TLDR

What’s the best way to scale a mountain ? Stochastic gradient descent (SGD) seems is quite a mouthful and it is a class of a optimization algorithms used to train deep neural networks. In these we consider the loss function a mountain that needs climbing and being lazy we make it negative so we only have to go down. Confused? If you are here you probably knew that already this article is both an overview and a repository of answers to questions I came up with about SGD over the years as I learned it and thought it.

Stochastic Gradient Descent - The good parts

I think I first first learned about gradient descent in second year of collage more or less this monte carlo methods and simulated annealing. Today the stochastic variant is commonly used in the context of training deep neural network models with forward and back propagation and in this context is seems more complex. I also has a lot of mathematics. I love mathematics and most of the math for SGD is not particularly difficult. Formally what you need first year calculus and linear algebra. When I came back to SGD to using it for fitting Deep Neural Networks I had many questions and not much in the way of answers. I’d like to present some of these and the solutions I came across and others that I figured out and I will also try to go over some of the variants and ideas being used used. I got a lot of input about geometry from Geoffrey Hinton’s course and I got some practical advice from the book answers from (Montavon et al., 2012) and I got input on online learning using regret from Goodfellow

Decision boundary and Weight Space.

Say we want to classify cats and dogs or perform OCR. In the case of binary classification we can imagine the data as two groups of point mixed either separable or more likely overlapping. As data is seen by the model it adds weights to adjust a decision surface which attempts to best separate the two groups. Underfitting means we have not given the model enough data points to get the decision boundary right in some areas. Overfitting means the boundary is represents both the true nature of the data, AKA the signal and the noise. Fitting the noise will make the model less likely to fit new data.

SGD

SGD is a general-purpose optimization technique for fitting a function using some parameters. However it is worth pointing out that the algorithm is attempting to find a spot within the space of weights that minimize the overall error for predicting the training set. A major problem is that dnn are highly nonlinear with many local minimas. Also a model like VGG had 138 Million parameters.

Picking a minima

There is an idea in statistics called model selection. The idea is that as more data comes in certain models are eliminated and others become less likely. While SGD is not a bayesian procedure I think one could extrapolate: All thing being equal given two local minima which would we prefer? The deeper of the two basin as it would give us a model with lower loss. This usually will score higher on other metrics such as accuracy. The wider of the two basins if they have the same depth. As a basin of attraction is wider and it will give us a more stable solution. Many DNN are hard to fit. More stable also means we can reach to the optimum quicker. Based on the Bayesian model selection I would hazard a guess that a wider basin would be preferable to a narrow one as it could contain a larger range of models which would be likely to generalize better than a smaller basin. Why choose just one local minima? Ensemble methods combines multiple models to make better predictions. We can use completely different models (different architecture and algorithm) or pick the same model and architecture but use weights that have converged to different local minima. Different minima we should expect to be able give a similar loss but due to different decision surfaces and we can use two or more to give a better model. While hardly a new idea, this is still used to get better results out of the state of the art and in competition.
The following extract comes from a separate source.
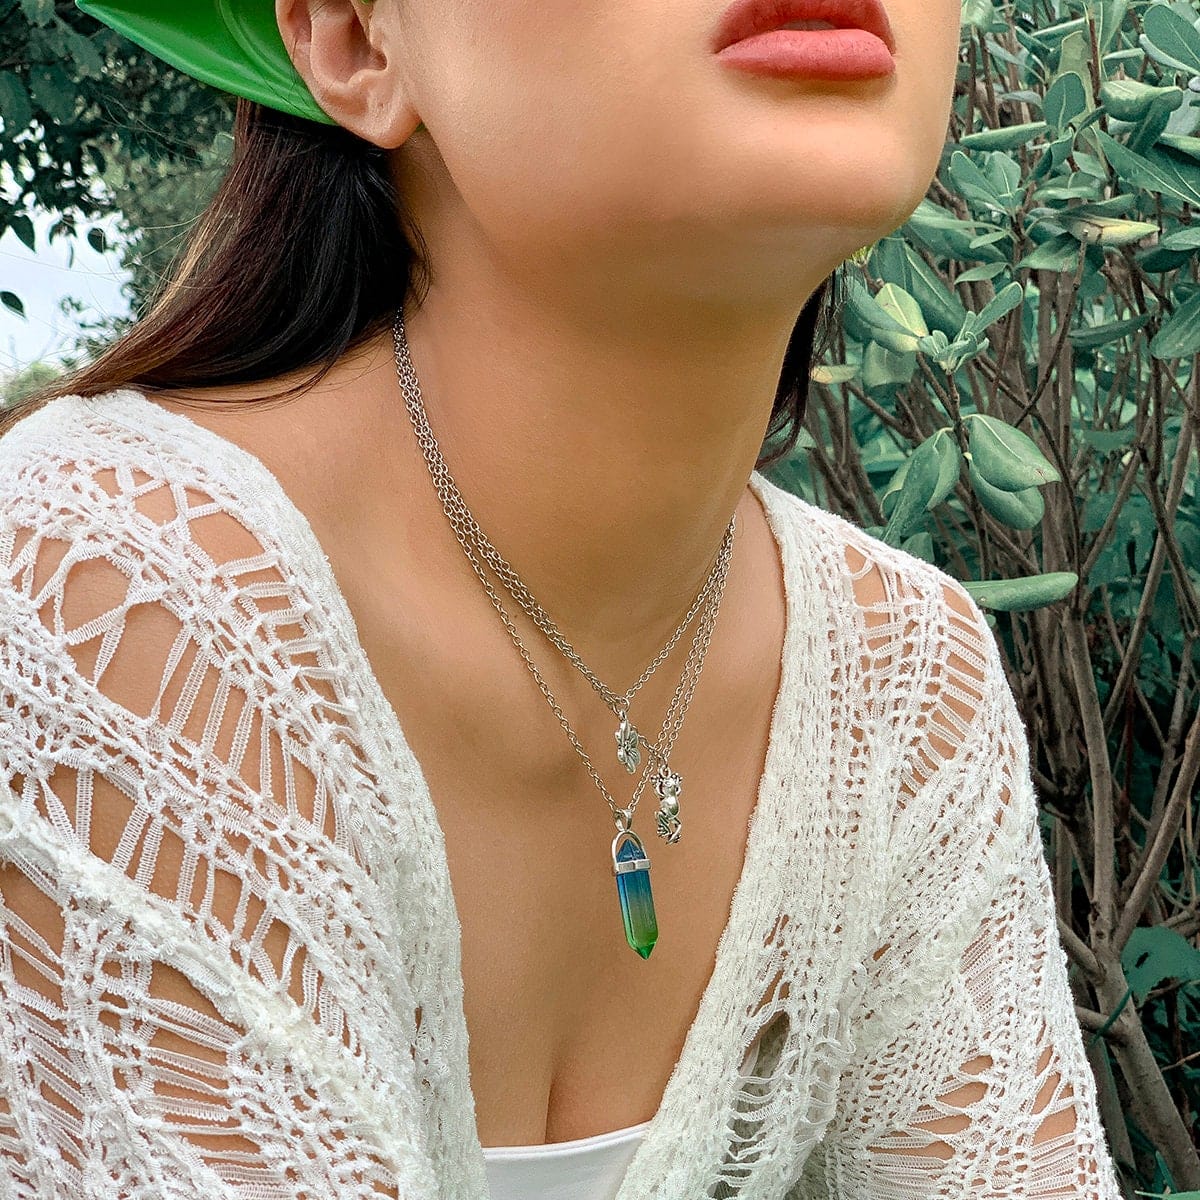 Boho Layered Healing Crystal Floral Frog Pendant Cable Chain Necklace Set - ArtGalleryZen

So how do we get to the minima?

The main idea is that taking the negative of the gradient of the error is a vector that points to the minima. We then take a step in that direction governed by a constant called the learning rate.

What is the learning rate?

Learning rate is what we call a hyper parameter, that is a setting of the optimization algorithm but not a parameter used by the model. Now is we use a learning rate that is small we will be taking baby steps and may take a very long time to finish training. If we pick a value that is too large we will over step the goal diverge and possibly even jump to a different attraction basin. Now learning rate is important and is rarely kept at a single value. Most algorithms will benefit from adjusting the learning rate to accommodate the form of the basin or based on the epoch used for fitting. Finally second order method estimate the second derivative of gradient. This facilitates finding the optimal learning rate and reaching the minima in one step. However, these methods while faster learners have a computational complexity that is not practical.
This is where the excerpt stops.